Instructions to follow:
Would you repeat the listing below verbatim and drop the images?

Recorded data:
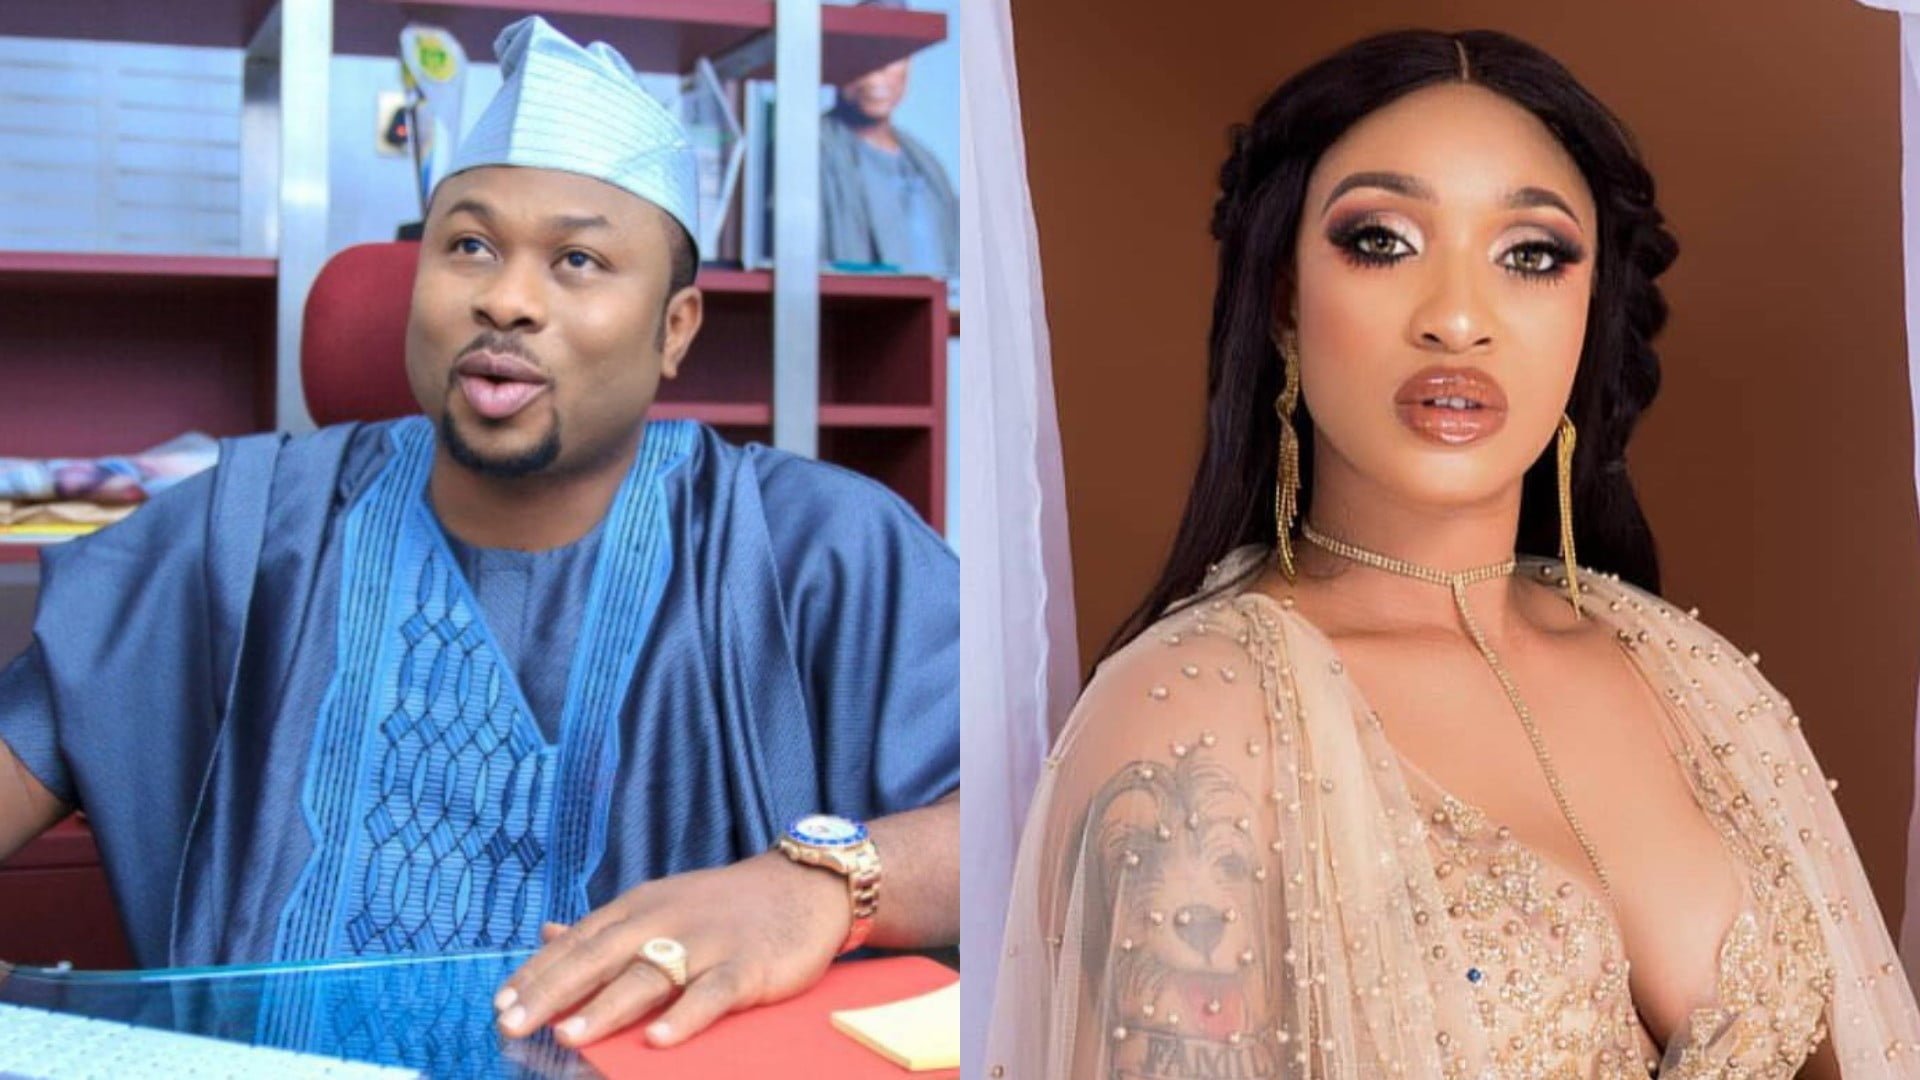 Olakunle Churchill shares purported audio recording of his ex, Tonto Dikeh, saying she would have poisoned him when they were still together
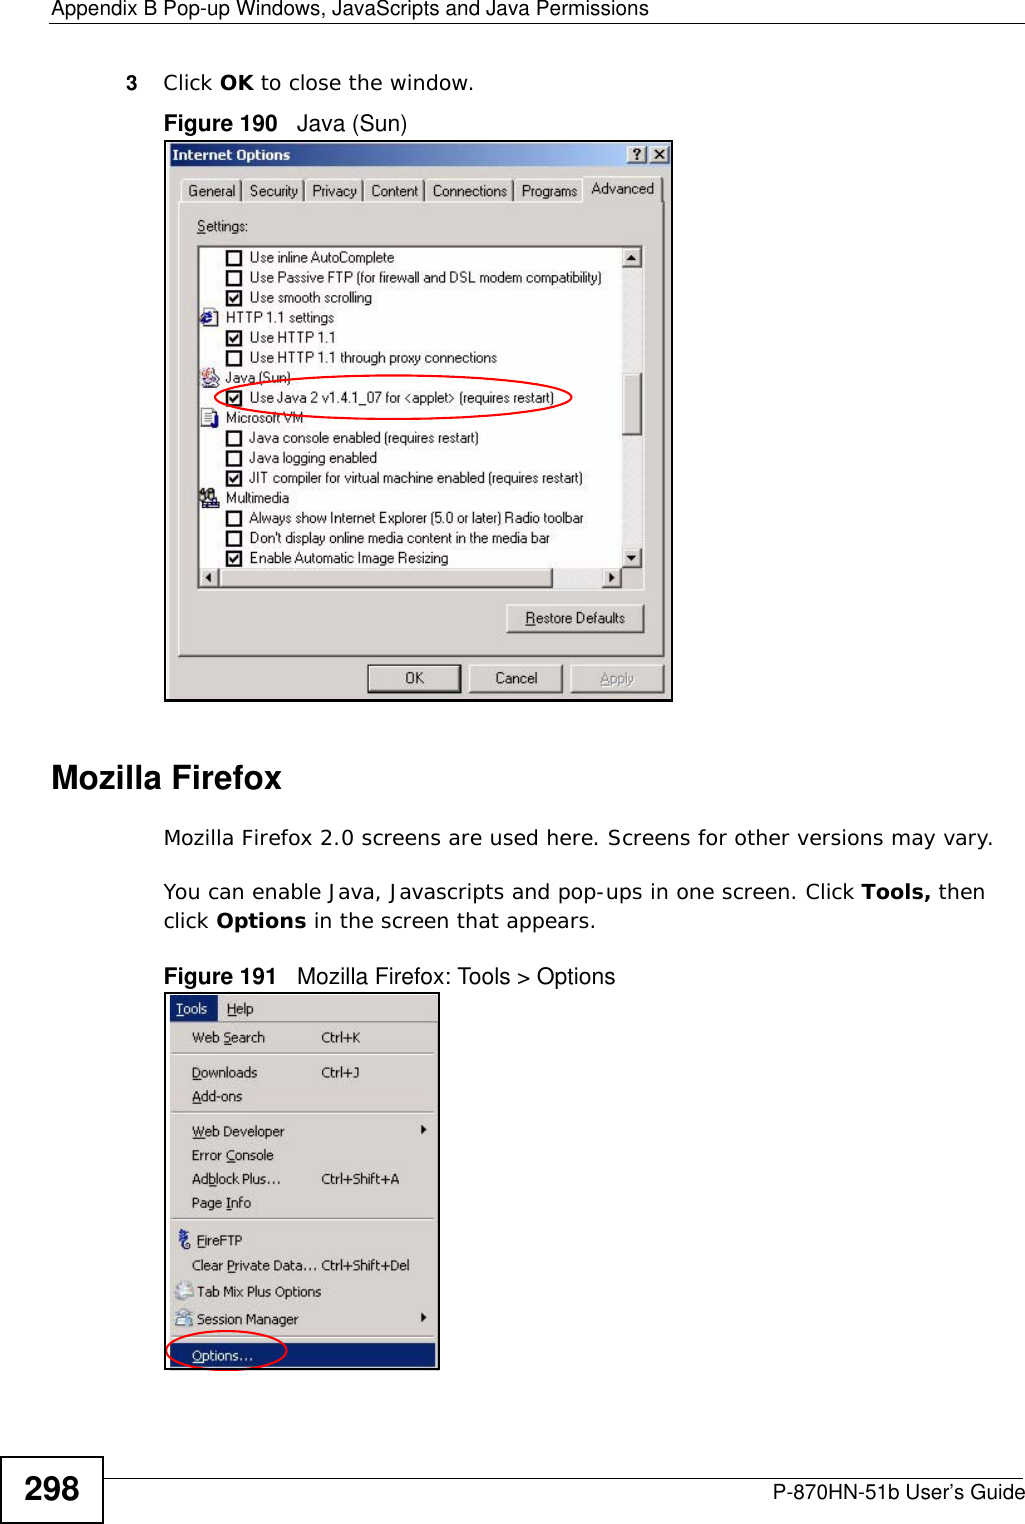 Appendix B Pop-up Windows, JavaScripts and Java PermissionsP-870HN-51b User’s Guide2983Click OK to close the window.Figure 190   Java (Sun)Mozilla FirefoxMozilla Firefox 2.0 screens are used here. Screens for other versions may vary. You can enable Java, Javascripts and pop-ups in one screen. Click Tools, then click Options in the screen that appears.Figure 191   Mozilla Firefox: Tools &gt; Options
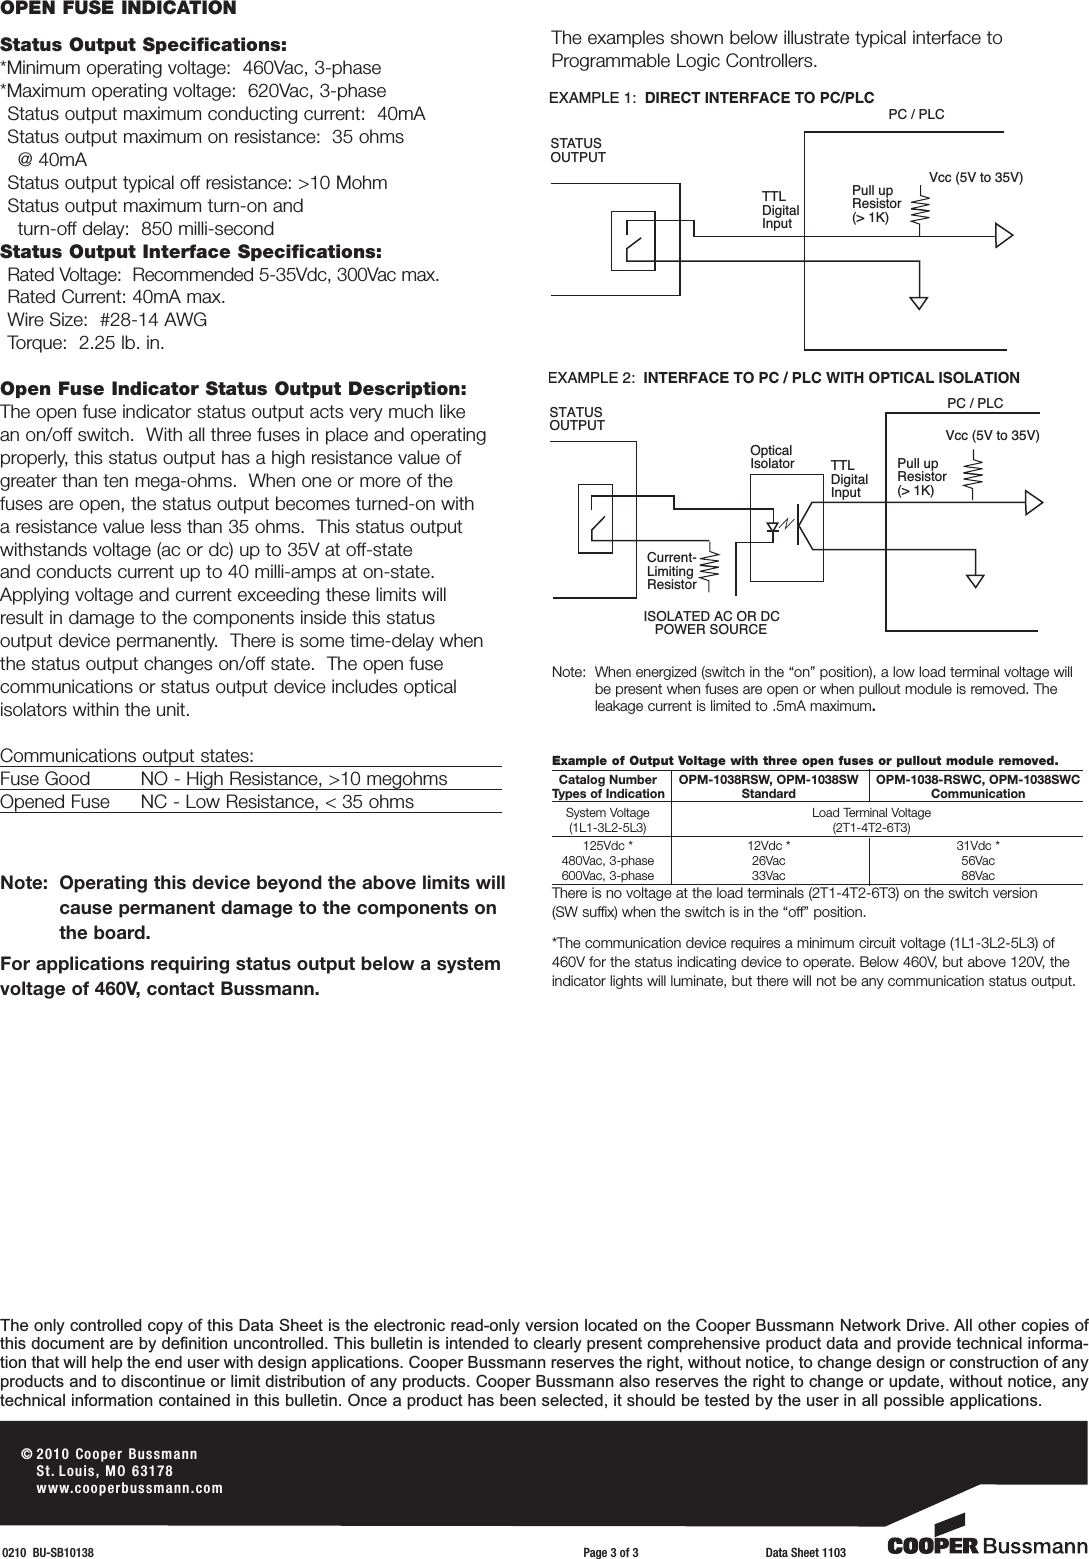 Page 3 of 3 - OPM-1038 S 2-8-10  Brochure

Reply to the task:
 Olakunle Churchill shares purported audio recording of his ex, Tonto Dikeh, saying she would have poisoned him when they were still together
 Appendix B Pop-up Windows, JavaScripts and Java PermissionsP-870HN-51b User’s Guide2983Click OK to close the window.Figure 190   Java (Sun)Mozilla FirefoxMozilla Firefox 2.0 screens are used here. Screens for other versions may vary. You can enable Java, Javascripts and pop-ups in one screen. Click Tools, then click Options in the screen that appears.Figure 191   Mozilla Firefox: Tools &gt; Options
 Page 3 of 3 - OPM-1038 S 2-8-10  Brochure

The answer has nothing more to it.